Cuando comencé a moldear en mi cabeza lo que habría
de convertirse en la saga de los Archivo Delta,
el fondo histórico que tenía en mente para ambientar
la serie era la Guerra Fría; pero no me dio tiempo.
Por eso, en vez de proyectarse como una serie de
relatos de espionaje, se convierte en una colección
de historias policiacas. Precisamente porque una
buena parte de los antiguos agentes de la KGB, en la
era de posperestroika, acabaron ingresando a
las filas de la mafia rusa.
3.- LDLP: Su mundo creativo
se consolida precisamente con la serie Archivo
Delta. Háblenos un poco de este agente creado
por usted y de las andanzas de su personaje.
OFO: Patrick Coonan, el
Agente Delta, es una de esas criaturas literarias
que tiene mucho de real. Ciertamente no es un hombre
culto, o demasiado inteligente, pero es dueño de un
fino instinto para detectar la maldad y aplicarla
despiadadamente en el curso de una misión. Es un
sobreviviente del mundo clandestino que, después de
un fracaso en el amor, ha encontrado en el ejército
el camino que lo conduce a La Cuadrilla. La
Cuadrilla es una agencia-fantasma dedicada a
eliminar a los saboteadores y pistoleros de la
oposición, y Delta se siente muy a gusto trabajando
en las sombras bajo las órdenes del coronel
Berkowitz (a quien a veces odia y otras aprecia) y
junto a las faldas de la abrumadora Jessica, su
compañera de faena. Jessica Fitts, la Agente Phi, es
una gringa pelirroja que no se deja poner un pie
delante en el teatro de operaciones, pero a la vez
sucumbe a los placeres del sexo con su tozudo
compañero..., aunque sea a escondidas de su
superior. El amor entre agentes no es permitido en
La Cuadrilla y este es un dilema que los persigue a
través de la serie.
4.- LDLP: Siempre en el marco
del estilo de la narrativa negra, usted ha escrito
cuentos de humor y novelas de corte futurista sobre
acontecimientos inmediatos, y con referencias
históricas a su ciudad natal. Háblenos de las
posibilidades de este género y si ha pensado, en
alguna ocasión, en tomar otros caminos literarios.
OFO: Con la llegada de la
madurez siempre se desea incursionar en otros campos
desde la perspectiva creadora. La novela negra
continúa siendo para mí el pan de cada día; sin
embargo, ahora estoy enfrascado en otro proyecto.

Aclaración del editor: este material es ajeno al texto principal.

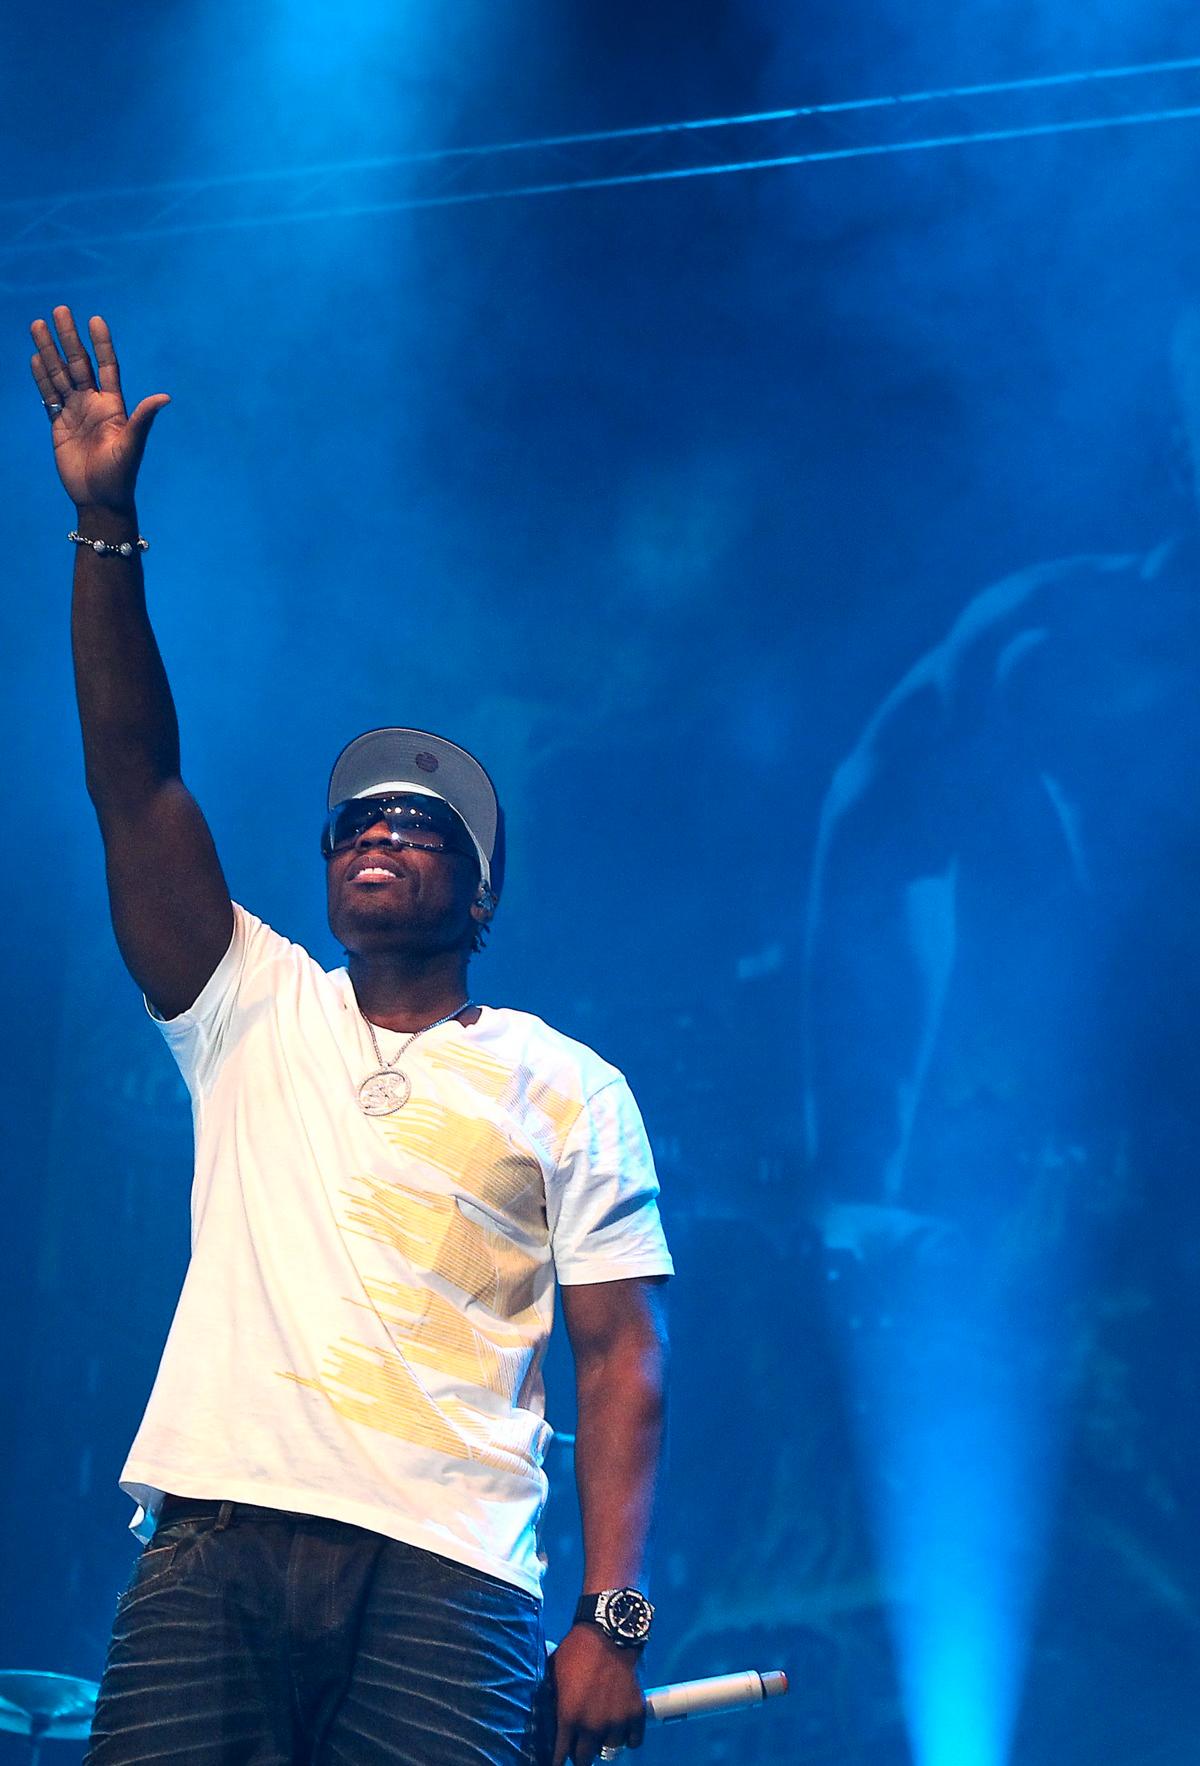 LIKA BILLIG SOM SITT NAMN 50 Cent är inte längre samma artist som gjorde den hyllade debutskivan ”Get rich or die tryin’” 2003.

5.- LDLP: ¿Qué nuevos libros
está preparando?
OFO: Pronto pretendo lanzar
mi colección Mundos de Tinta, para la cual he
planeado cuatro entregas. Son novelas culturales,
enmarcadas en la vida de los escritores
cubanoamericanos que nos desenvolvemos en el Miami
de hoy. Cada una de las cuatro entregas será (si me
perdonan la metáfora) un "mundo aparte":
comenzaremos con un "mundo erótico", seguido por un
"mundo histórico", un "mundo de horror" y un "mundo
clandestino". Cada entrega pertenece a un género
literario diferente, pero todas reflejan los
avatares que enfrentamos los escritores de hoy para
lograr que nuestras obras se publiquen.